Big Anschutz wind farm gets Salazar’s OK and Pete Bennett gets arrested by friends of Ken Salazar of WilmerHale

By Cathy Proctor – Reporter, Denver Business Journal
The largest wind farm project in North America, backed by Denver billionaire Philip Anschutz , on Tuesday landed the approval of U.S. Interior Secretary Ken Salazar for construction of the Chokecherry and Sierra Madre Wind Energy project in Wyoming.
“It’s a meaningful milestone to have a Record of Decision for the project,” said Kara Choquette , spokeswoman for the Denver-based Power Company of Wyoming LLC, which is building the wind farm.
The $6 billion wind farm, proposed in 2008, is expected to have 1,000 turbines capable of generating between 2,000 and 3,000 megawatts of power, enough to meet the needs of nearly 1 million homes, according to the company.
“Wyoming has some of the best wind energy resources in the world, and there’s no doubt that this project has the potential to be a landmark example for the nation,” Salazar — a former U.S. senator from Colorado — said in a statement.
“President Obama challenged us in his State of the Union address to authorize 10,000 megawatts of renewable energy on our public lands by the end of the year — enough to meet the needs of more than 3 million homes — and today [with the approval of the Anschutz wind project] we are making good on that promise,” he added.
Additional permits are still required, including a state-issued permit from the Wyoming Industrial Siting Division. The company plans to apply for that permit in November, Choquette said.
But the project has received a conditional use permit from Carbon County, where the wind farm will be located. The Bureau of Land Management (BLM) also must approve permits for siting wind turbines, she said.
“The analogy is that we have the approval to build the subdivision, but we need the permits to build the houses,” she said.
But if all goes well, construction could start a year from now — in the late summer or early fall of 2013, she said.

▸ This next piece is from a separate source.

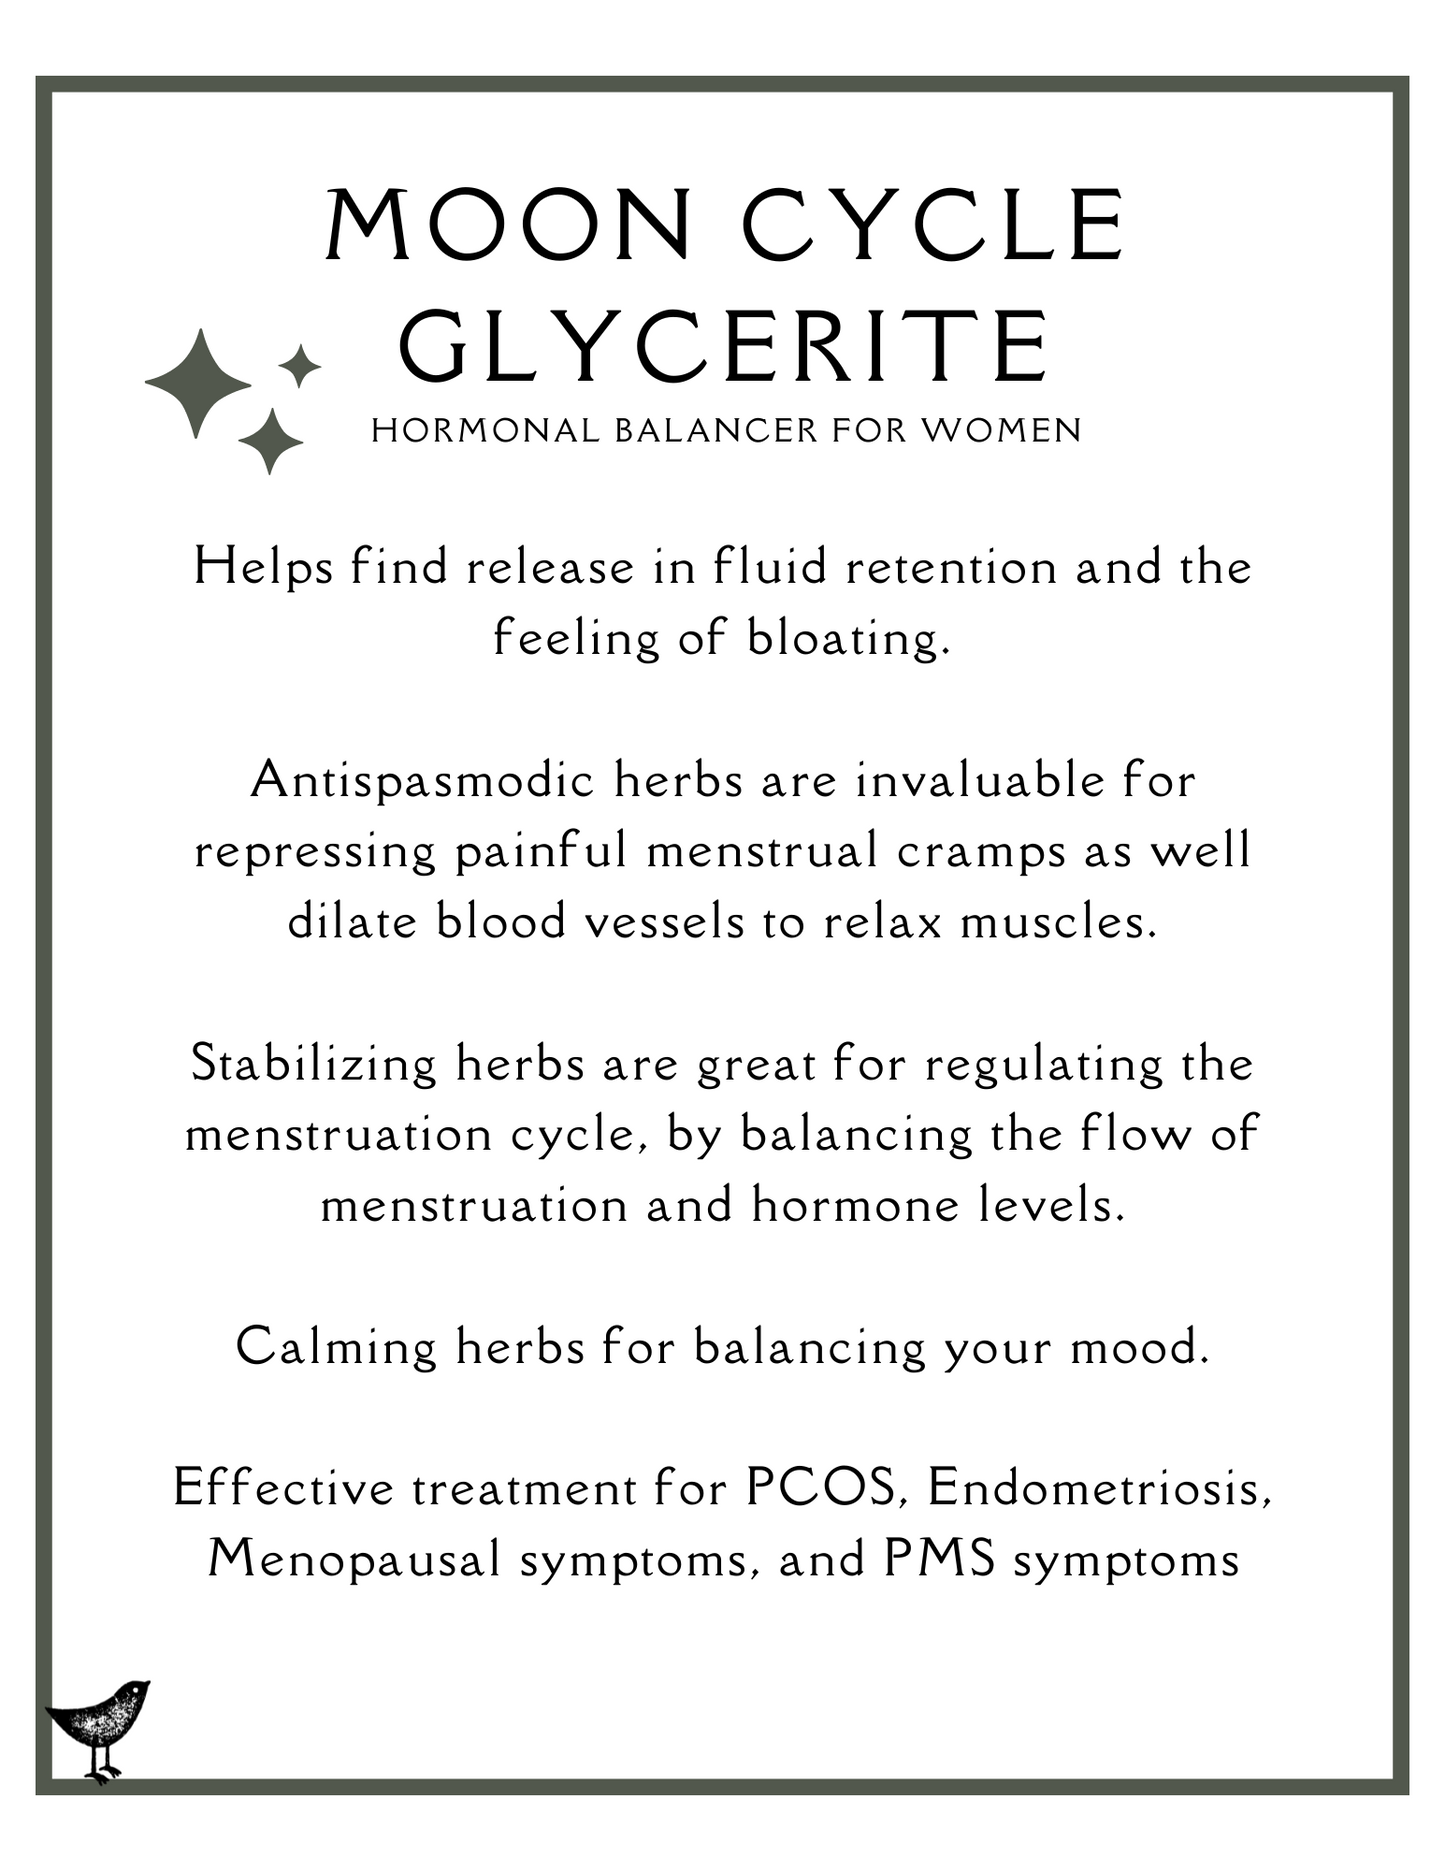 Moon Cycle Glycerite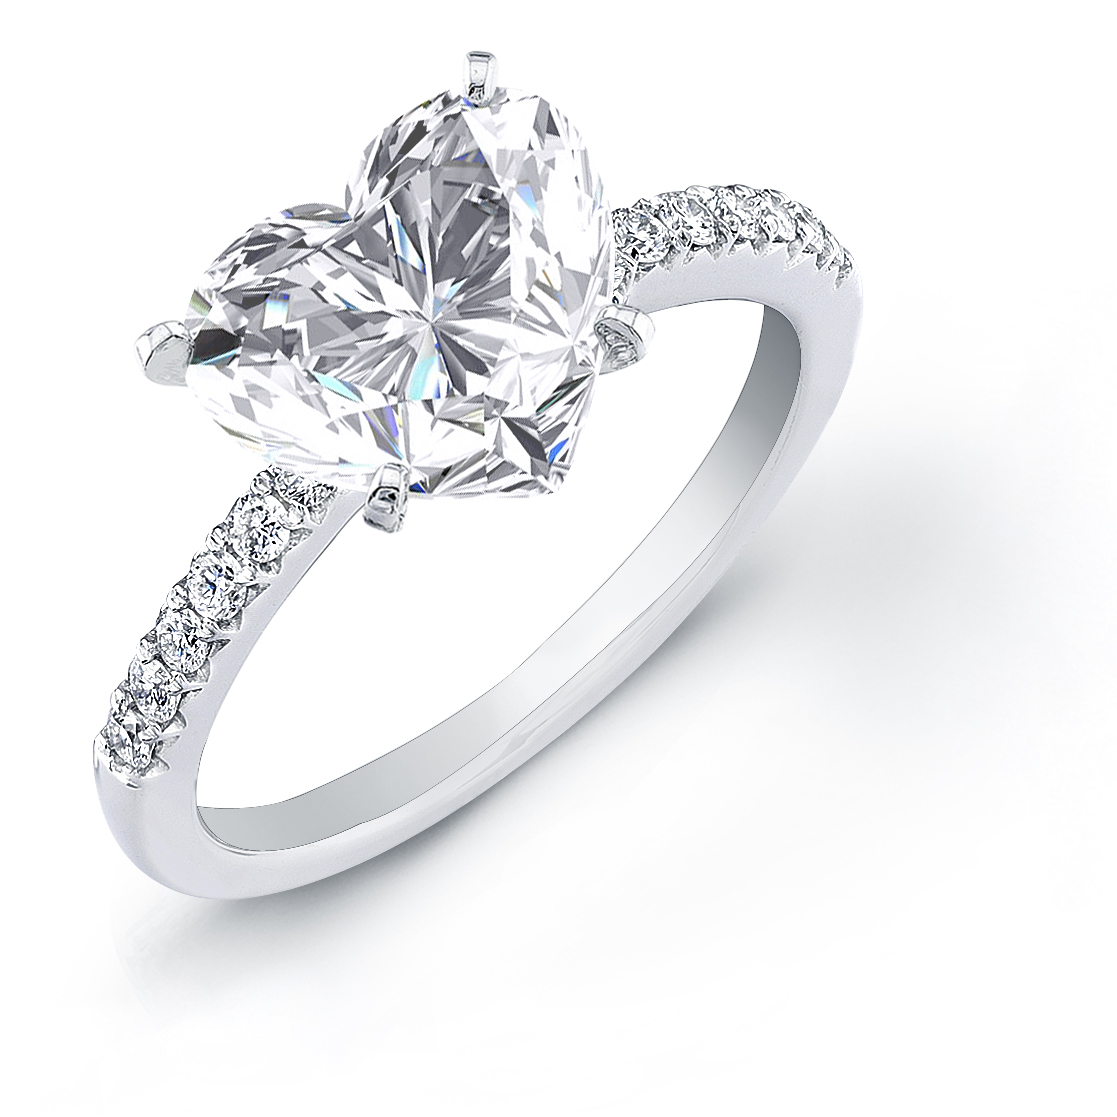 Heart Diamond Rings: 30 Stunning Picks For Every Bride.

The wind farm is on portions of 320,000 acres of a working cattle ranch owned and operated by Anschutz’s Overland Trail Cattle Co. LLC. The wind farm will be constructed on land that’s roughly half private land and half federal land, according to the Power Company of Wyoming.
A separate $3 billion powerline project also backed by Anschutz, designed to carry the wind farm’s power from central Wyoming to Las Vegas, is undergoing environmental reviews by the BLM.
A draft study of the environmental impacts of the line is expected to be released in the spring of 2013, with a final decision expected in 2014, Choquette said.
The 725-mile transmission line is expected to take three years to build, according to the company.
Salazar’s approval of the wind farm followed years of data collection on wildlife habitat and movement.
“We have collected more scientific data in a broader area and to a finer degree than anyone else has ever done,” said Bill Miller , president and CEO of Power Company of Wyoming, in a statement.
“We know where turbines should and should not go. Our plan to microsite all turbines will assure potential impacts on wildlife are far lower than outlined in the general project-wide EIS (Environmental Impact Statement), while also materially increasing the country’s clean energy supplies,” Miller said.
Building the wind farm is expected to take five years — with turbine installation occurring in year three of the timetable, Choquette said.
Up to 400 construction jobs are anticipated in the first two construction years, with up to 1,200 jobs in subsequent seasons as the wind turbines are installed, according to the company.
Once fully operational, the project will create at least 114 direct operations jobs — making the wind farm one of Carbon County’s largest private employers — and will generate hundreds of millions of dollars in state and local tax revenue.

“Combining renewable energy development with traditional ranching operations puts this land to its highest and best use, while also supporting important new jobs and economic growth,” Miller said in the statement.
Long-term surface disturbance across the Overland Trail Ranch is expected to be less than 2,000 acres, which is less than 1 percent of the ranch, according to the Final EIS analysis.